Je tiens à remercier ceux de nos collègues encore présents à cette heure tardive et, au-delà, tous ceux qui, au sein de la commission, notamment notre rapporteur, ont apporté leur contribution à cette discussion en nous présentant des amendements de qualité.
Je me réjouis que nous puissions voter cette proposition de loi à l’unanimité et, de cette façon, contribuer à l’amélioration de la qualité de la fin de vie des personnes qui seront accompagnées.
Je précise que le groupe CRC-SPG, comme il l’avait annoncé dès la discussion générale, votera ce texte.
Personne ne demande plus la parole ?...
Je mets aux voix l'ensemble de la proposition de loi.
La proposition de loi est adoptée à l’unanimité des présents.
Monsieur le président, madame la présidente de la commission, mesdames, messieurs les sénateurs, je me réjouis qu’un texte aussi important et emblématique ait fait l’unanimité sur vos travées.
Je tiens à remercier la commission et plus précisément son rapporteur et sa présidente du travail effectué. Je sais qu’un empêchement majeur a retenu M. Barbier, mais je compte sur vous, madame la présidente, pour lui transmettre mes compliments et je vous félicite du brio avec lequel vous avez suppléé votre rapporteur. Mais vous ne nous avez pas habitués à moins !
Oui, le travail a été consensuel, mais très approfondi, aussi. Je salue M. Jean Leonetti et d’autres députés de la majorité comme de l’opposition qui ont contribué à enrichir ce texte, comme je salue la commission des affaires sociales, l’ensemble des sénateurs et des sénatrices, sur toutes les travées, pour le travail qui a été fait, en soulignant la qualité des amendements du Sénat, qui sont venus à leur tour enrichir la rédaction de l’Assemblée nationale.
Je ne saurais terminer sans remercier le président de séance de sa hauteur de vues, lui qui devait sans doute souffrir, au fauteuil qu’il occupe, de ne pouvoir joindre son suffrage à celui de ses collègues pour l’adoption de cette proposition de loi.
M. le président le confirme.
Mesdames, messieurs les sénateurs, nous pouvons être fiers de ce que nous avons fait ce soir !

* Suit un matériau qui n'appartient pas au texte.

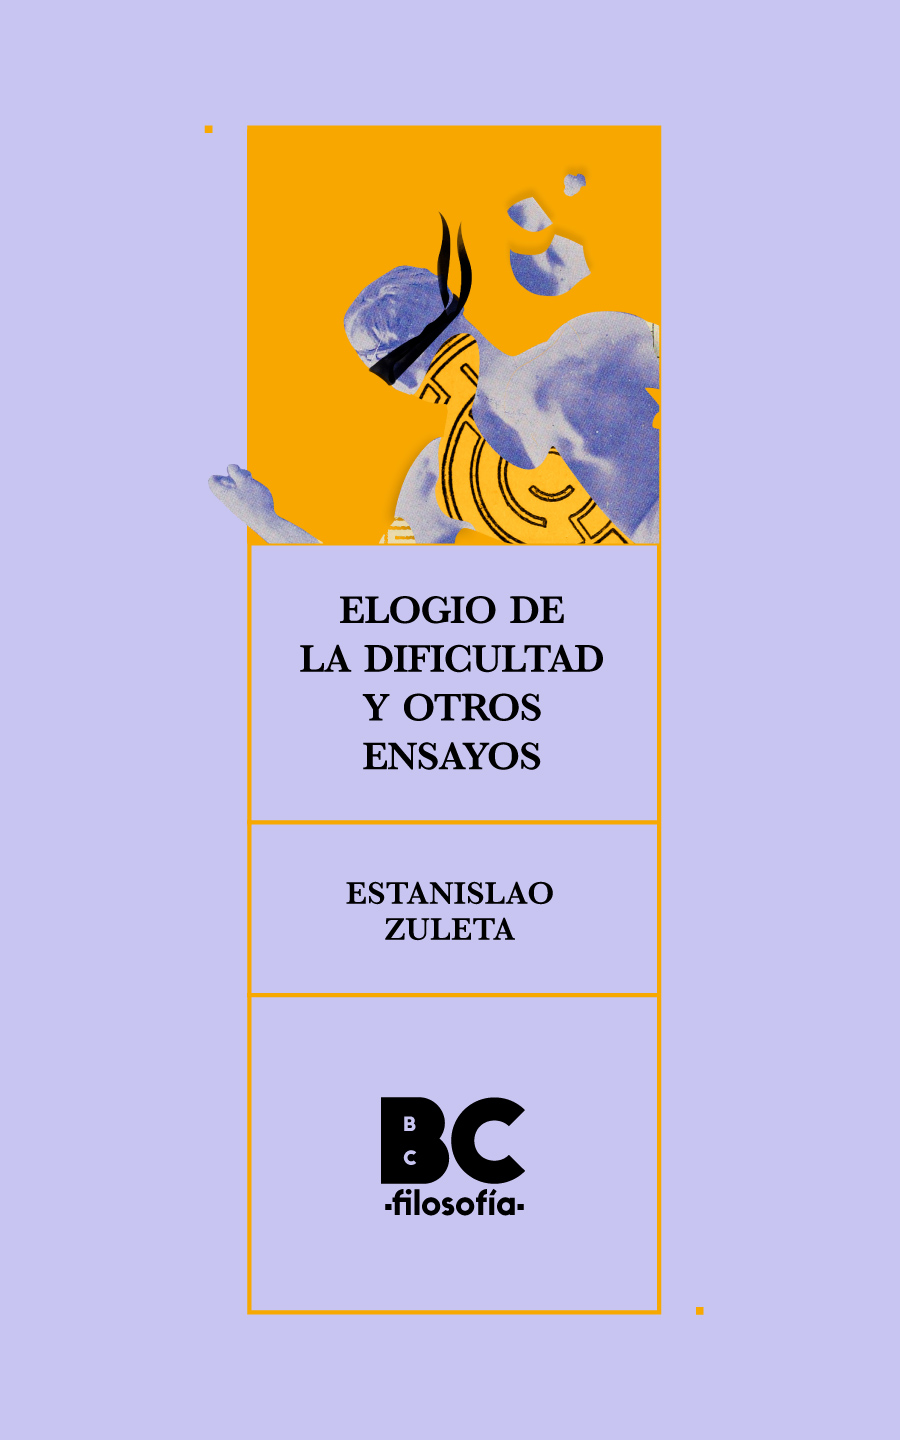 Catalogación en la publicación Biblioteca Nacional de Colombia Zuleta - photo 2

Voici quel sera l’ordre du jour de la prochaine séance publique, précédemment fixée au mardi 19 janvier 2010 :
À neuf heures trente :
1. Questions orales.
À quatorze heures trente :
2. Projet de loi de réforme des collectivités territoriales (n° 60, 2009-2010).
Rapport de M. Jean-Patrick Courtois, fait au nom de la commission des lois constitutionnelles, de législation, du suffrage universel, du règlement et d’administration générale (n° 169, 2009-2010).
Texte de la commission (n° 170, 2009-2010).
De dix-sept heures à dix-sept heures quarante-cinq :
3. Questions cribles thématiques sur le plan de relance et l’emploi.
À dix-huit heures et le soir :
4. Suite du projet de loi de réforme des collectivités territoriales.
Personne ne demande la parole ?…
La séance est levée.
La séance est levée le vendredi 15 janvier 2010, à zéro heure vingt.